* **EXCERPTED DATA**:
——————————
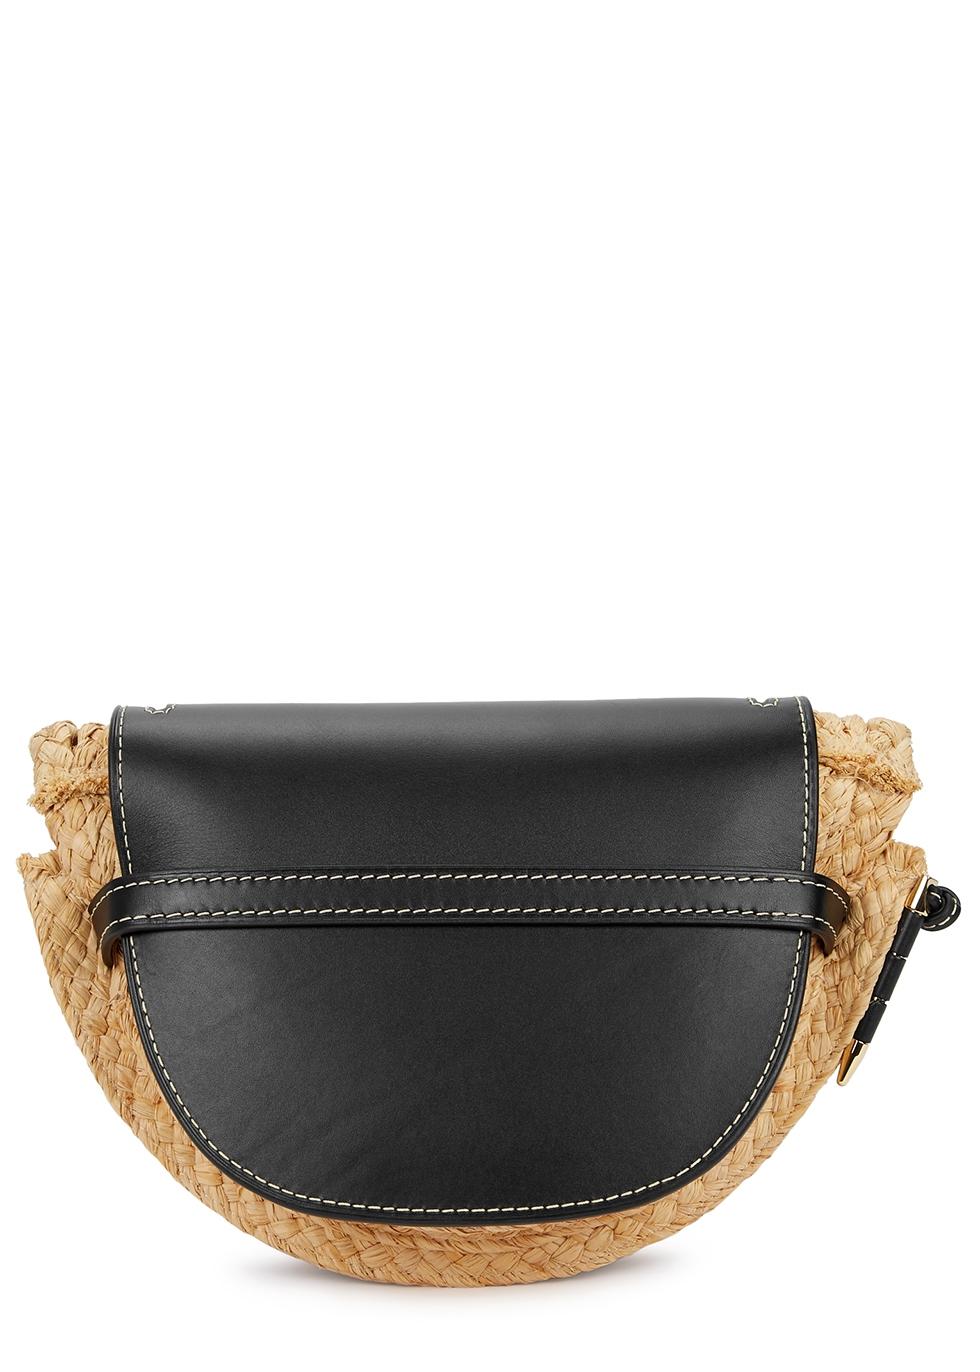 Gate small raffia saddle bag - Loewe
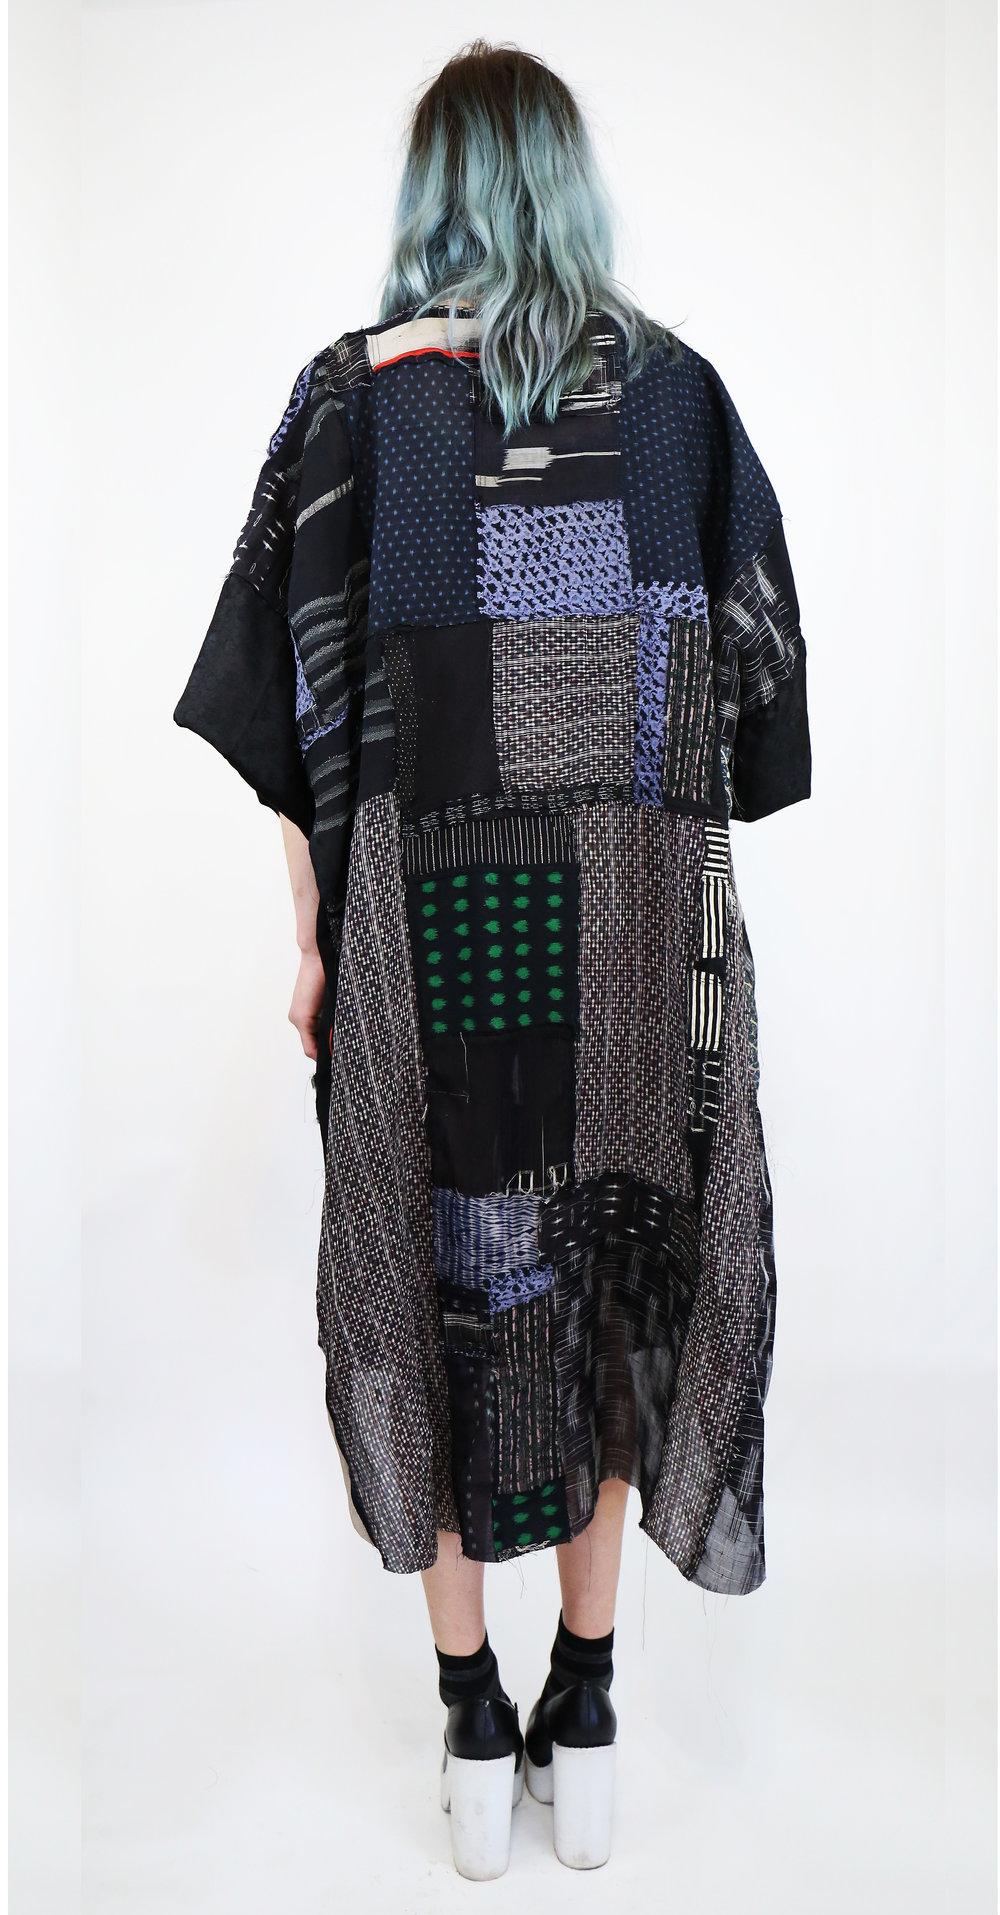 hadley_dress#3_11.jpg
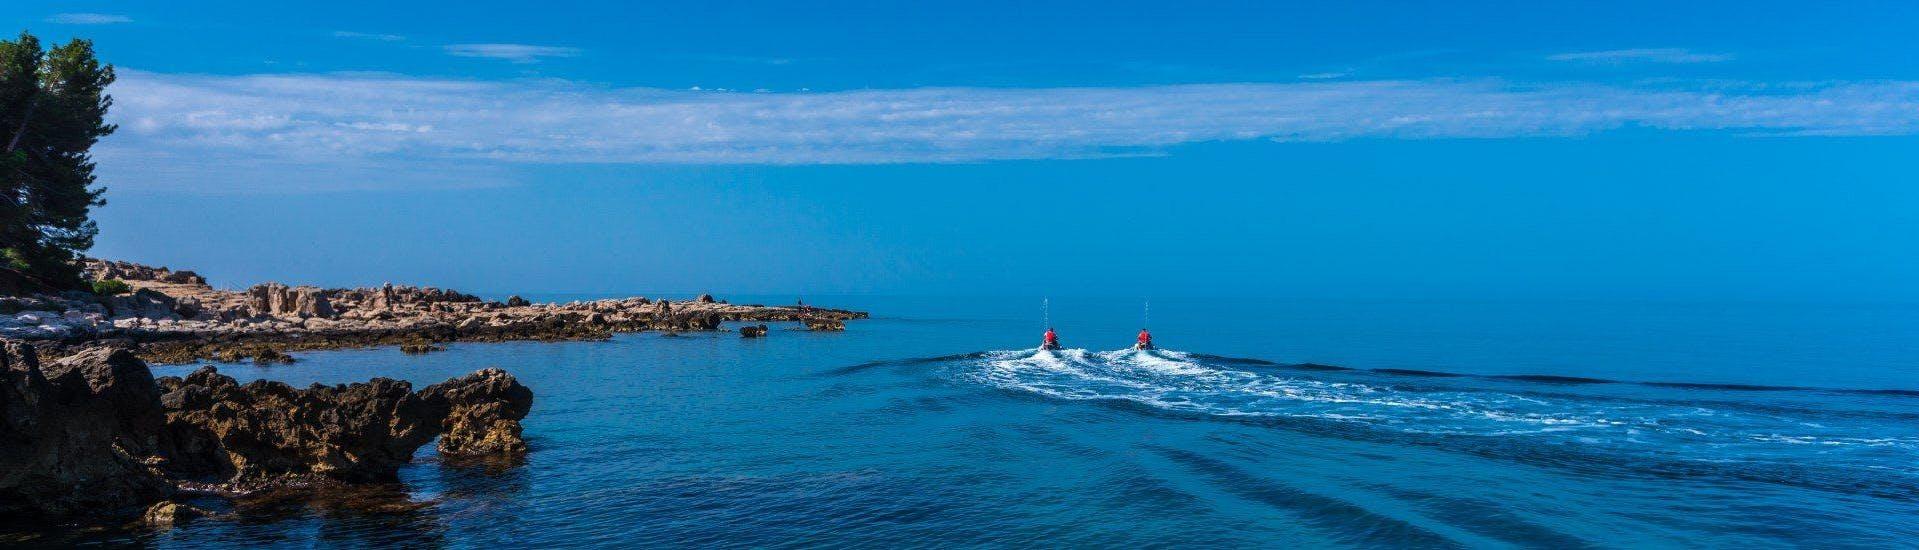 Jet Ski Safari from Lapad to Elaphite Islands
——————————
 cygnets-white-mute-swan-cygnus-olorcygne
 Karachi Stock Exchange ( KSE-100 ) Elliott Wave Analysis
——————————
* **WHAT IS REQUIRED**: Could you transcribe exactly the entries above, but only the lines from the one with "hadley_dress#3_11.jpg" through the one with "Jet Ski Safari", and without pictures?

* **RESULT**:
 hadley_dress#3_11.jpg
 Jet Ski Safari from Lapad to Elaphite Islands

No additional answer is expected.